S&P500 futures have generated some gains in the Asian session following a decline on Wednesday as a result of Fed Powell's confirmation that the fight against intractable U.S. inflation will continue. Chairman of the Federal Reserve Jerome Powell has ruled out rate cuts in 2023, citing the difficulty of controlling inflation. In addition, US Treasury Secretary Janet Yellen's statement that the government "does not plan to insure all uninsured bank deposits" heightened fears of a banking sector collapse.

 

Following a recovery move, the US Dollar Index (DXY) has retreated on expectations that additional credit tightening to protect banking institutions will reduce overall demand, economic activity, and inflation.

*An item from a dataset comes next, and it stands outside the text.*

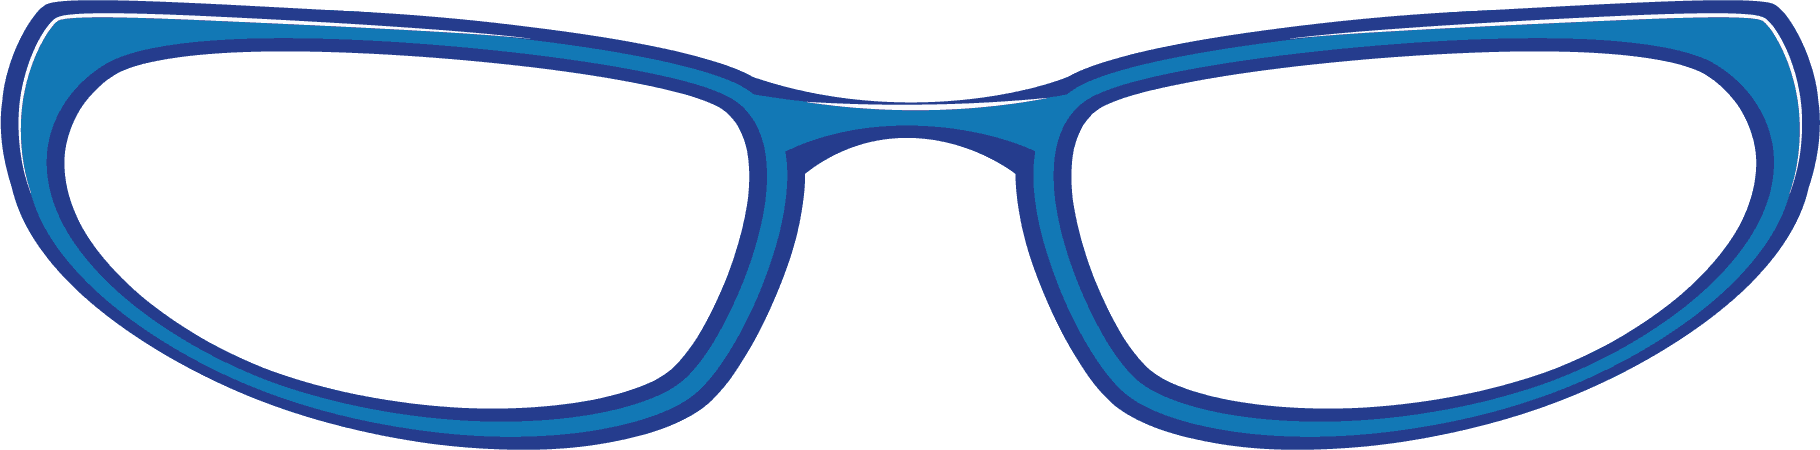 1820x450 Blue Eyes Clipart Glass Clip Art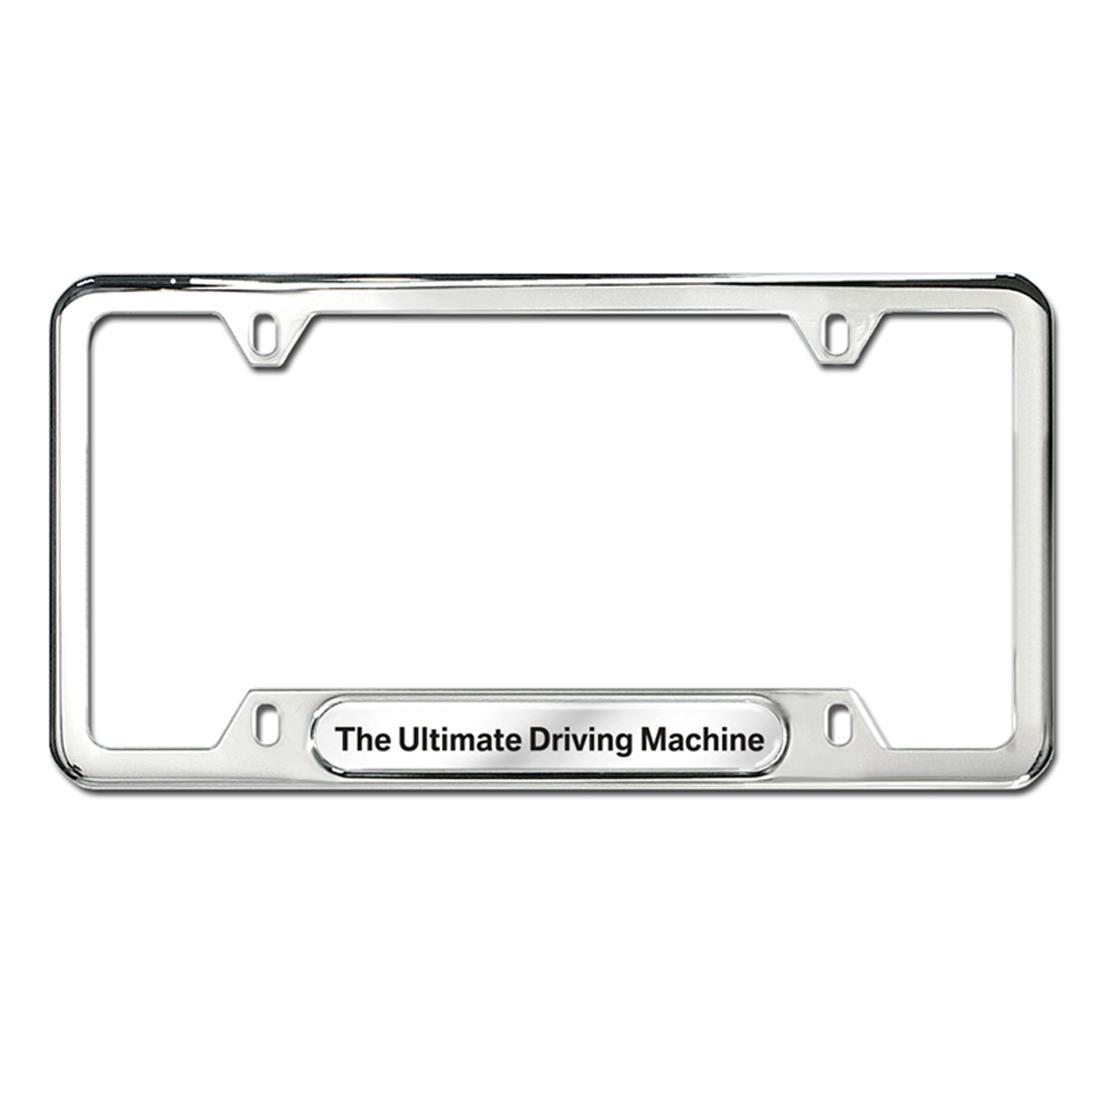 bmw the ultimate driving machine plate frame silver. Black Bedroom Furniture Sets. Home Design Ideas

In the interim, the demand for US government bonds has increased as a result of expectations that US Janet Yellen will end further policy restrictions and reduce support for all bank deposits.

 

On the front of the United Kingdom, the Pound Sterling is likely to maintain its strength as the Bank of England (BoE) is scheduled to raise rates for the eleventh consecutive time. Governor Andrew Bailey of the Bank of England is expected to raise interest rates by 25 basis points (bp) in response to rising food and non-alcoholic beverage prices, as well as rising energy costs, which have contributed to inflation in the United Kingdom.

 

In the midst of global banking turmoil, the Bank of England's (BoE) interest rate decision will be difficult, as policymakers were divided over whether to raise rates further or maintain them at their present level.